Richard Forno rforno at infowarrior.org
Sun Feb 15 20:25:39 UTC 2009


The Arrival of the Internet to Israel: The Local Diffusion of a Global  
Technology

http://www.sociothink.com/

Abstract:
http://www.sociothink.com/abstract.html

Full PDF:
http://www.sociothink.com/

This subject matter of this study is the first decade of Internet  
connectivity in Israel. This study looks into the infrastructure, the  
physicality, the bureaucracy, and institutional aspects of the  
Internet. It is about the struggles between the various actors  
involved in bringing the Internet to Israel and other relevant actors,  
and decisions that were made by the state and non-governmental  
organizations, such as the Inter-University Computing Center, as part  
of that process. It is not about the things that people were doing  
with the Internet, or the meanings that the general public attributed  
to it. Rather, it focuses on the nitty-gritty of the arrival of the  
Internet to Israel and its diffusion around the country: which  
connections were made? When? What problems were involved? It also  
investigates the social, political, and cultural background against  
which the Internet can be seen to be spreading throughout the country:  
what kind of regime did Israel have in the mid-80s? And in the  
mid-90s? How might these changes be related to the introduction of the  
Internet-not in the sense that one caused the other, but in terms of  
the broader processes of change that characterized Israel during those  
years, such as globalization and liberalization?

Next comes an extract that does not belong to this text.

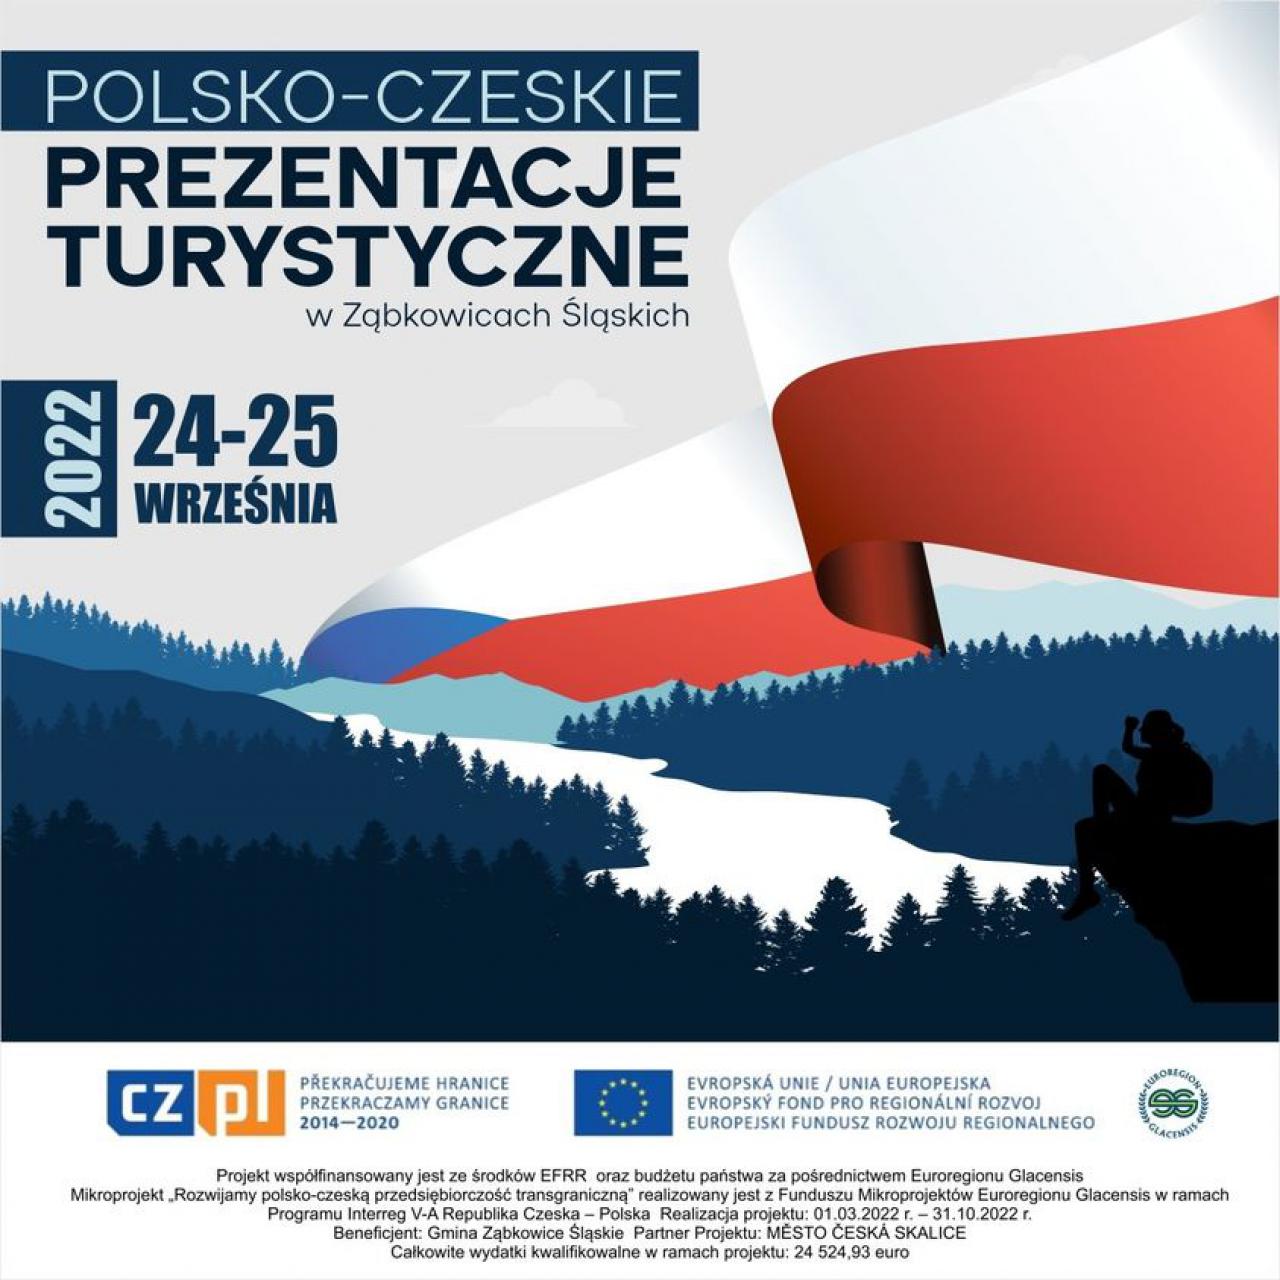  Polsko-Czeskie Prezentacje Turystyczne w Ząbkowicach Śląskich

This study focuses on the technology of the Internet: on the cables  
and wires that carry the Internet around the world; on the legal and  
administrative processes that are called into play as the Internet  
reaches a new country. Thus, while not driven by a new social  
phenomenon such as Internet dating or the uses of social networking  
sites, this study nonetheless sheds light on the social contexts in  
which the processes described in the course of this dissertation are  
embedded. By not taking the technology for granted, this study shows  
that the infrastructure behind the Internet is also a social  
phenomenon with a political economy, no less than the social and  
cultural forms that are based on that infrastructure.